- Born: Dunmanway, Ireland
- Education: Trinity College, Dublin (Ireland)
- Known for: Recoding, RNA World, Genetic Code
- Awards: Royal Irish Academy Gold Medal Award in 2007
- Scientific career
- Fields: Molecular genetics, RNA biology
- Workplaces: University College Cork (Ireland), University of Utah, Cold Spring Harbor Laboratory

= John F. Atkins =

Irish geneticist and professor

John Fuller Atkins is a research professor at University College Cork and a member of the Royal Irish Academy since 2003. Atkins was the first Irish national to be elected as a member of the EMBO Organization. In 2002 Science Foundation Ireland appointed Atkins as its first Director of Biotechnology. Atkins is also an honorary Professor of Genetics at his alma mater Trinity College, Dublin.

==Research==
Shortly after Crick and Brenner established the triplet nature of genetic decoding John Atkins showed that mRNA molecules are not always translated in a triplet manner.
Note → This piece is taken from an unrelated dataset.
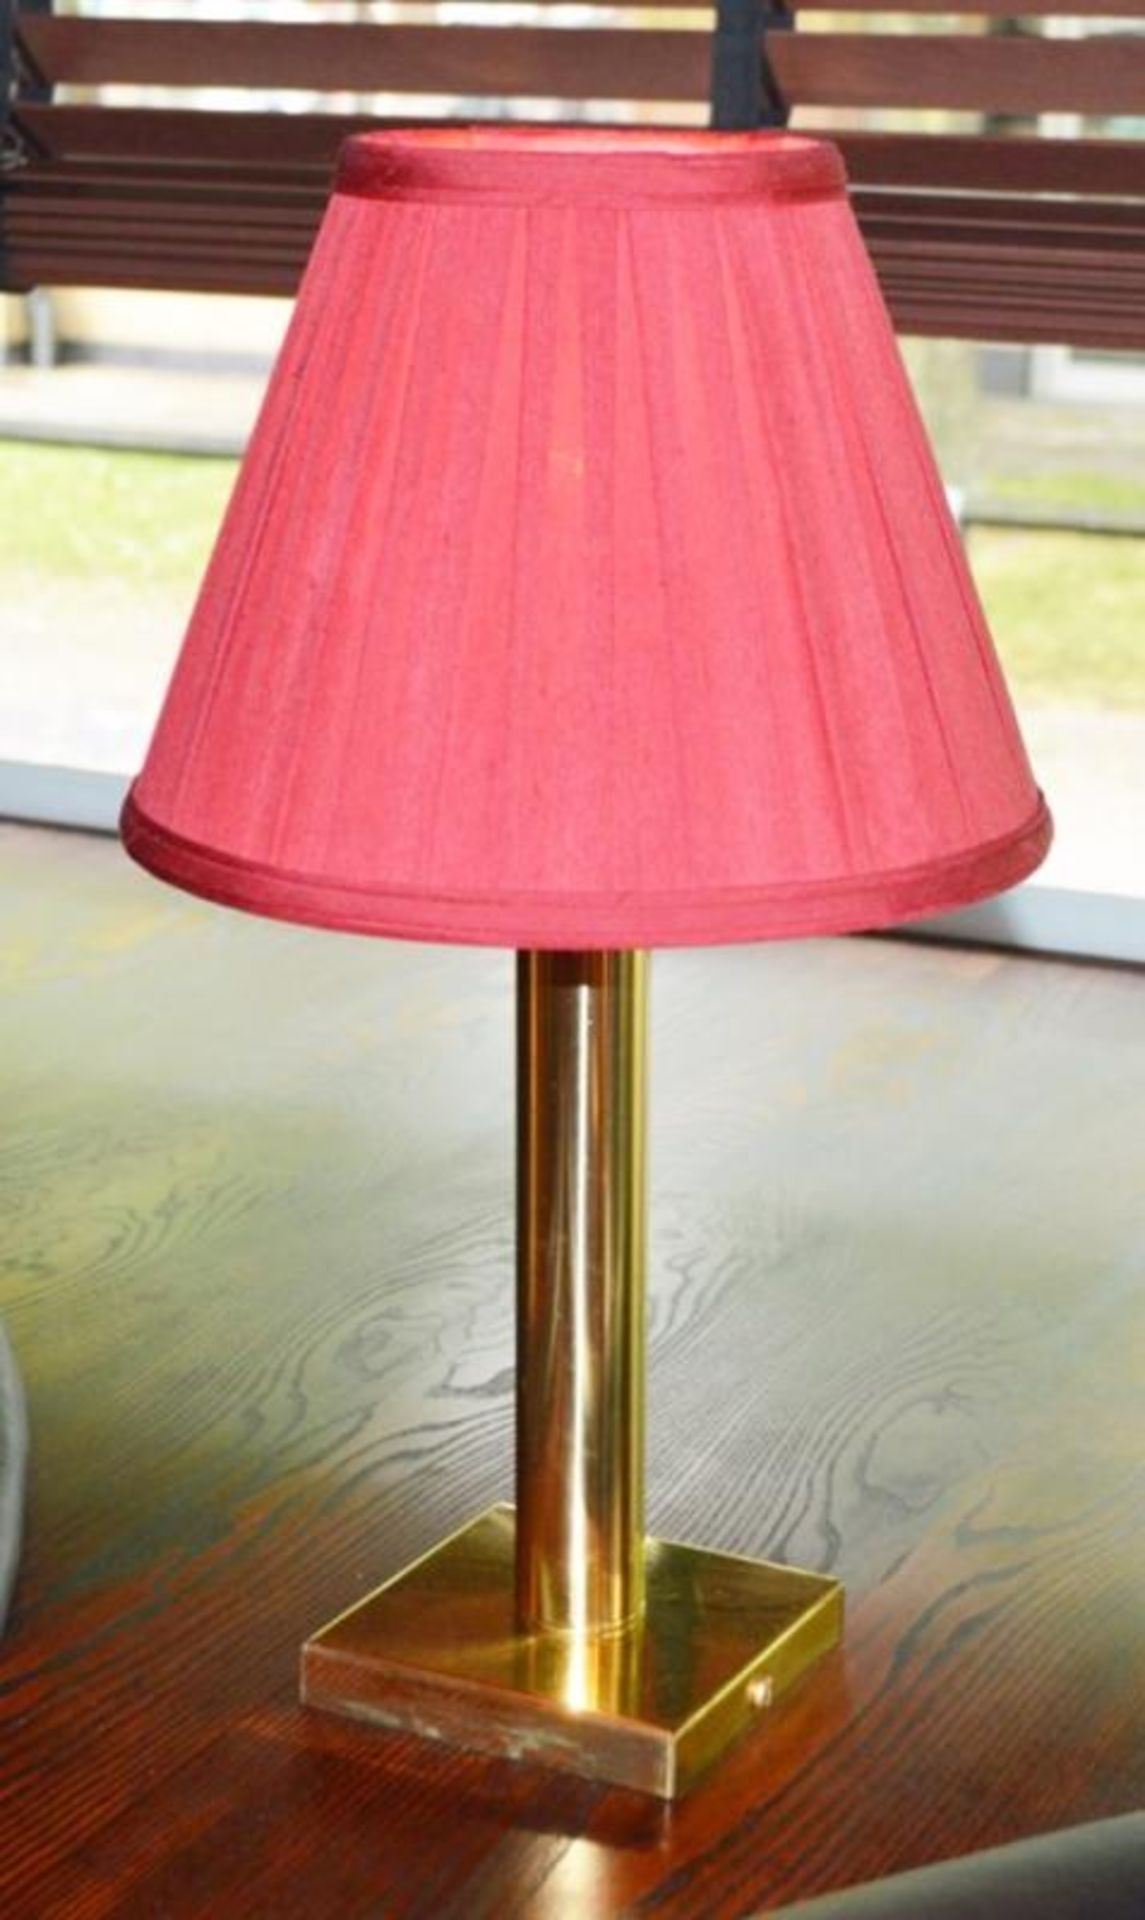 5 x Fixed Table Lamps With a Brass Finish and Red Shades -Total Height 46cms

Since then Atkins focused on aspects of the genetic decoding that are in defiance of the standard genetic code – phenomena collectively described as Recoding. Recoding challenges the generality of the genetic decoding and encompasses phenomena such as programmed ribosomal frameshifting that violates triplet character of the genetic readout. Proteinogenic amino acids that are not part of the genetic code, e.g. the 21st amino acid selenocysteine and the 22nd amino acid pyrrolysine are also subjects of Recoding. John Atkins is an active proponent of the RNA World hypothesis and is an editor of The RNA World and RNA Worlds books. His research activities include a search for modern protein-free RNA-based life forms. In 2013 John Atkins organized installation of Charles Jencks sculpture ?What is Life? in Irish National Botanic Gardens. In 2021 a family of RNA bacteriophages Atkinsviridae was named in recognition of his involvement in the discovery of Bacteriophage MS2 lysin protein.